Dans ces conditions, je vous saurais gré, Monsieur le Ministre, de bien vouloir reconsidérer votre décision de supprimer la parcelle de liberté accordée jusqu’à présent aux condamnés à de longues peines ; décision qui risque d’embraser le milieu carcéral.
Je vous prie d’agréer, Monsieur le Ministre, l’expression de ma considération distinguée.

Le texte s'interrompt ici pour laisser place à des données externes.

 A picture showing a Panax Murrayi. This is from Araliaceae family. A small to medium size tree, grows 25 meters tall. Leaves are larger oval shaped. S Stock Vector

Réponse du Ministre de la Justice (14/01/04) :
Monsieur le Sénateur,
Vous avez bien voulu appeler mon attention sur les récents événements survenus dans les maisons centrales (tentative d’évasion centrale à la maison centrale d’Arles, mutineries successives sur la maison centrale de Clairvaux, incidents à la maison centrale de Moulins) qui illustrent la nature des risques
auxquels ces établissements pénitentiaires se trouvent confrontés.
Le contexte actuel d’accroissement régulier du nombre de condamnés issus du grand banditisme et des différentes mouvances terroristes est un phénomène préoccupant. Il ne s’agit néanmoins pas du seul facteur de fragilisation des maisons centrales.

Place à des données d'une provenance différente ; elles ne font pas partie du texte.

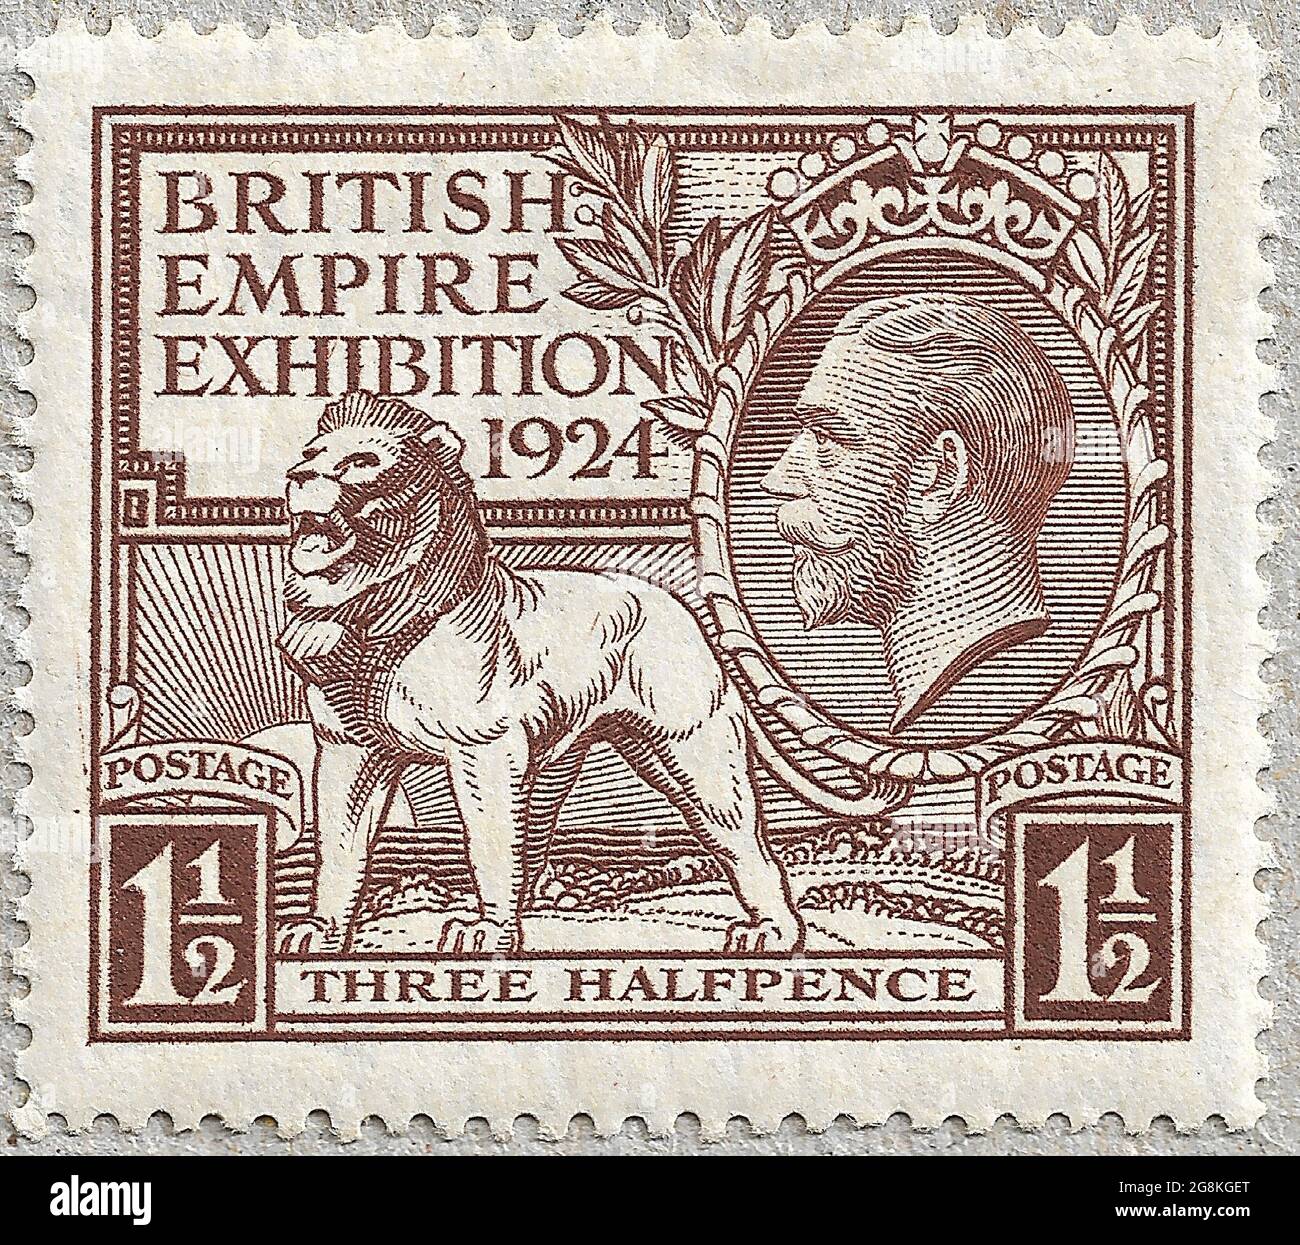 1924 British Empire Exhibition 'Wembley' Stamps (Great Britain, King George V) Three halfpence Brown Designed by H. Nelson. Printing plates engraved by J. A. C. Harrison. Printed by Waterlow and Sons. Stock Photo

Les divergences de règles de fonctionnement d’une maison centrale à l’autre, constatées à l’occasion des missions de l’inspection et des audits de sécurité de la brigade de sécurité pénitentiaire, sont utilisées par certains détenus pour assurer leur maîtrise sur d’autres plus faibles et plus vulnérables.
L’ouverture des portes de cellules est l’une de ces pratiques qui non seulement contribuent à fragiliser considérablement l’autorité des personnels pénitentiaires mais encore mettent en jeu la notion de sécurité collective au sein d’une centrale.
Il est donc devenu indispensable en ce qui concerne les maisons centrales de restaurer des règles de fonctionnememnt communes permettant la prise en charge des détenus les plus dangereux tout en garantissant la sécurité des personnels et des détenus.
Il importe enfin de souligner que le respect des portes de cellules fermées au sein des maisons centrales n’ôte pas pour autant l’accès des détenus qui y sont incarcérés au travail, aux formations ou aux activités sportives et socio-éducatives. Les détenus ne sont donc pas enfermés toute la journée mais peuvent au contraire organiser leur journée en participant aux différentes activités.
Je vous prie de croire, Monsieur le Sénateur, à l’assurance de ma considération distinguée.